Absolutely, totally with you. If it was up to me - 

The concession stands wouldn't sell 'noise-making' food. 

The auditoriums would have phone-jamming tech installed (sorry, but if you're in some sort of 'potential emergency' situation where you need to be constantly reachable then what are you even DOING at the movies? And social media can wait until the film is over before hearing your doubtless amazing insights on it). 

Talking would get you thrown out without a refund. 

Babies shouldn't be allowed in to anything other than specified parent and baby screenings, because otherwise they inevitably freak out at some point and start screaming the place down.    

And on that theme ... kids wouldn't be allowed to have massive-sized soft drinks that their undersized bladders can't cope with, then they wouldn't need to be taken out to the toilet every fifteen fucking minutes. 

No admission after the movie has started. Get there on time or forget it, dickhead.  

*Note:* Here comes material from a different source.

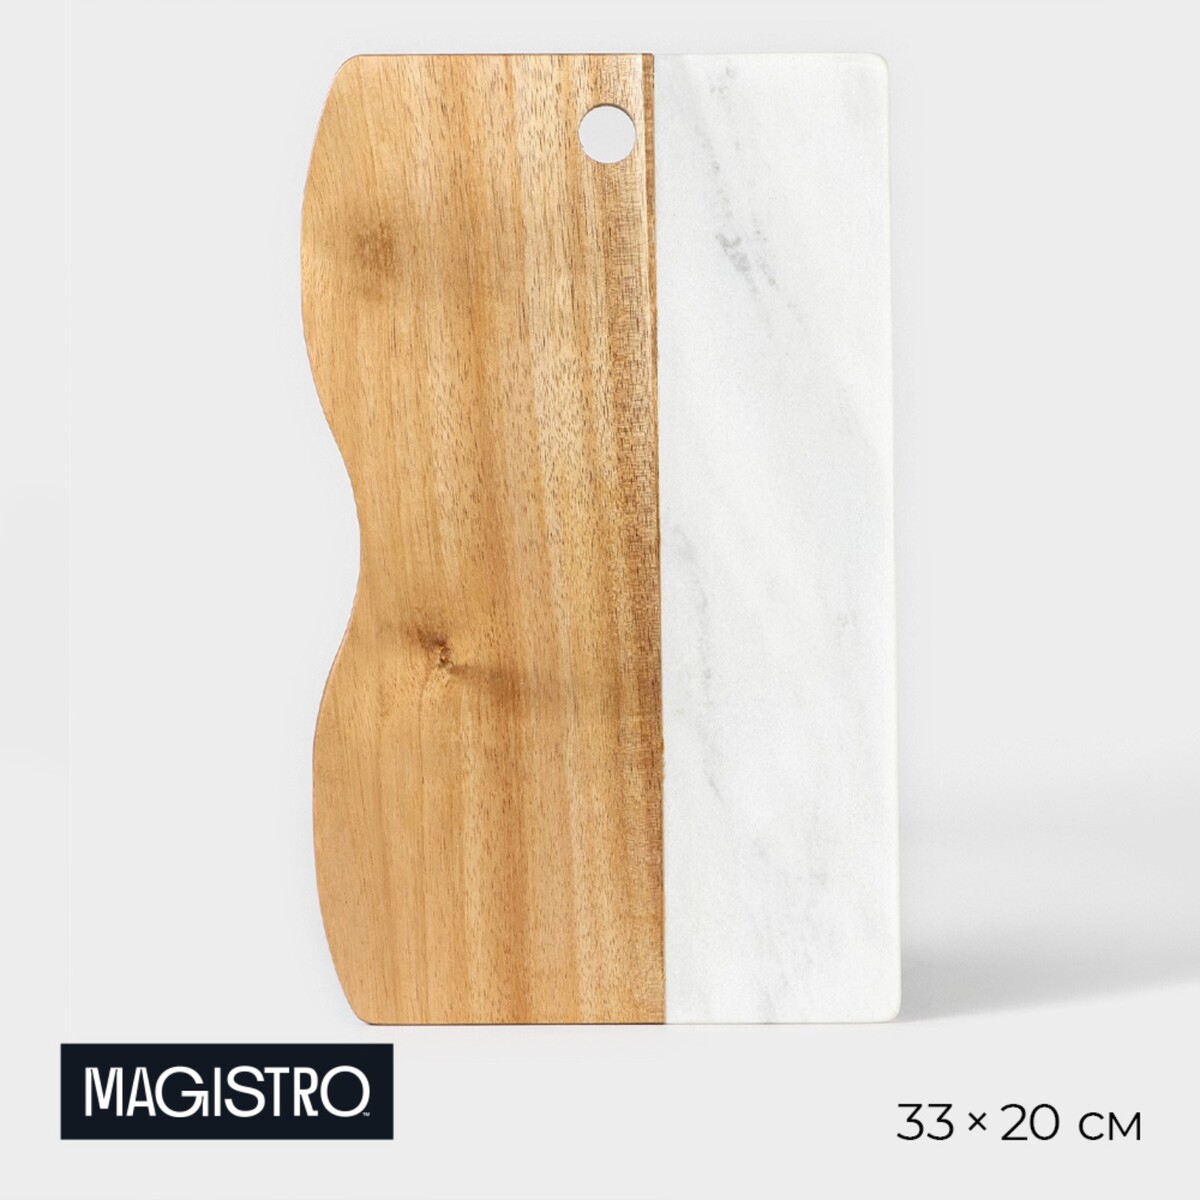 Доска для подачи magistro forest dream, 33×20 см, акация, мрамор доска для подачи magistro forest dream 33×20 см акация мрамор

Reacting to the content of the movie itself is of course absolutely fine. But everything I've detailed above isn't, and utterly boils my piss.  

 

 

13 hours ago, Bellosh said:

Not sure if you've experienced an Alamo Drafthouse.... people always say "omg it's the best they don't take shit from anyone"

 

It's just absolutely false.

 

To report someone you can only do a warning. And each time the person needs to come grab your card. Also the ordering food while a movie is going on will never not be cringe to me.

 

Maybe alamo used to be different, but my last experience in NYC, 2018, during Midsommar, was easily the worst theater experience I've ever had.

 

I swear I'm not as lame as these posts make it out to seem, but holy fuck, an annoying theater experience is probably my biggest pet peeve in the world.

 

1000% agree with you two. The one time I went to an Alamo Drafthouse, it was to see an Ultraman double feature. I always heard how strict they were. 

 

During the entire movie people were talking out loud. Not even whispering a lot. They were using normal conversation voice. Nobody said anything to them, much less threw them out. Then you have these waiters coming up to you constantly standing in front of you asking if you need anything. The one time I didn't want to be waited on they were in your face all the time.

 

The whole thing felt like an elaborate joke or scam. It was wild!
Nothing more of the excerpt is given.